I had one of those the other day. I was writing some PHP code to update a MySQL database using the object-oriented interface to the MySQL Improved extension. My problem was that my call to the
$connection->prepare($sql) method was failing for no apparent reason.
For those who aren't PHP programmers, PHP 5 introduced MySQL Improved, or mysqli, a new extension for accessing MySQL databases. This includes support for prepared SQL statements. That basically means that you can parameterize your SQL, compiling the SQL and then injecting values from your code into the syntax and type-checked statement. This is a huge improvement over the old, hideously insecure method of just building up a string in code and passing it wholesale to the database.

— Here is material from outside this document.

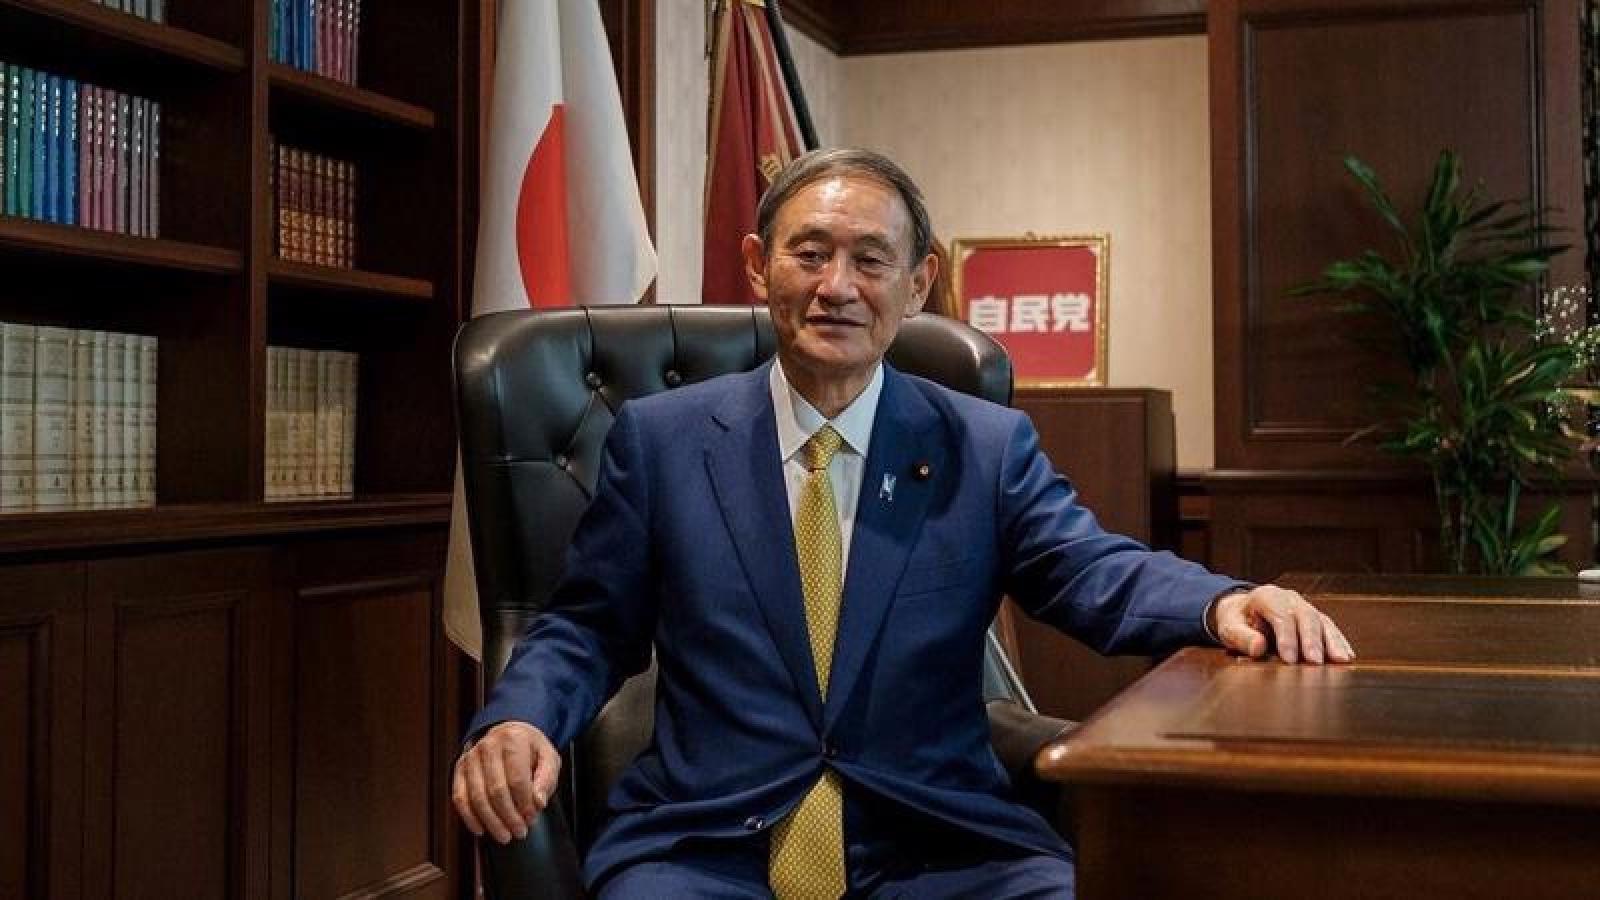 Dư luận về việc ông Suga Yoshihide không chạy đua chức thủ tướng nhiệm kỳ tới
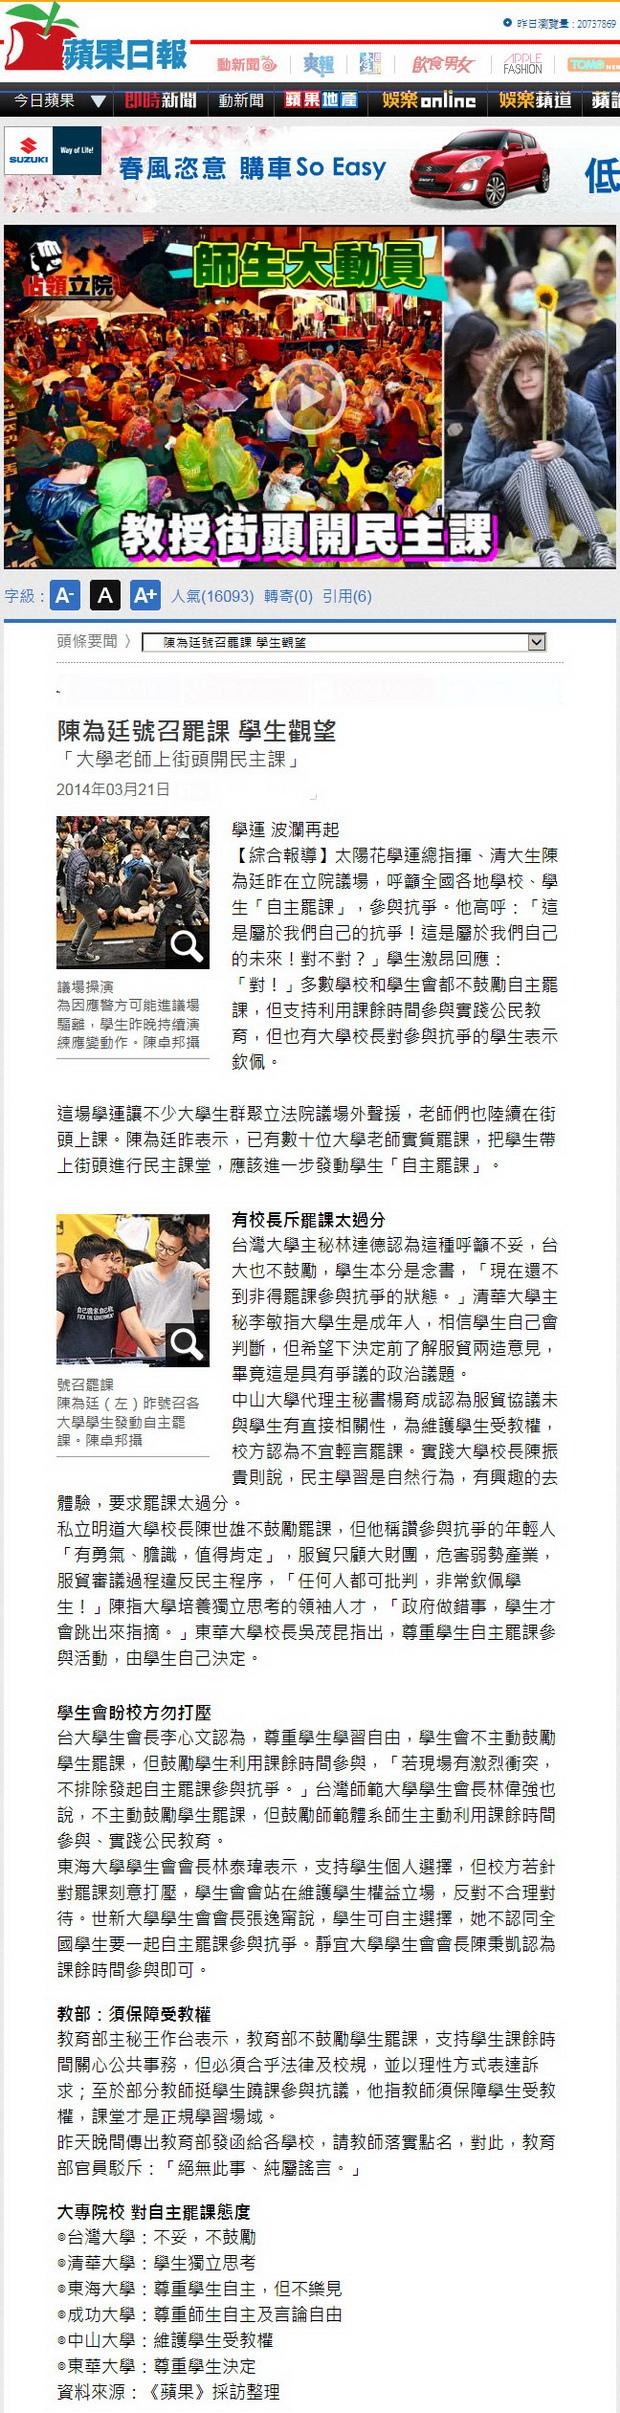 陳為廷號召罷課 學生觀望-2014.03.21.jpg

Anyway, my problem was with the method that prepares an SQL statement. In particular, its return value - it returns a prepared statement object on success, false on failure. In my case, the method was returning false, which meant that MySQL couldn't prepare my statement because...well, it just couldn't. No exception, no message saying what was wrong with the query, just a failure code.
My question is: why? Wouldn't it make more sense to at least raise a warning to give you some idea of why the prepare failed? Or at least set the last error message for the connection? MySQL presumably has some idea why the prepare failed. Why can't the mysqli extension pass that on? After all, machines are good at finding typos. Much better than the developers who put them there in the first place.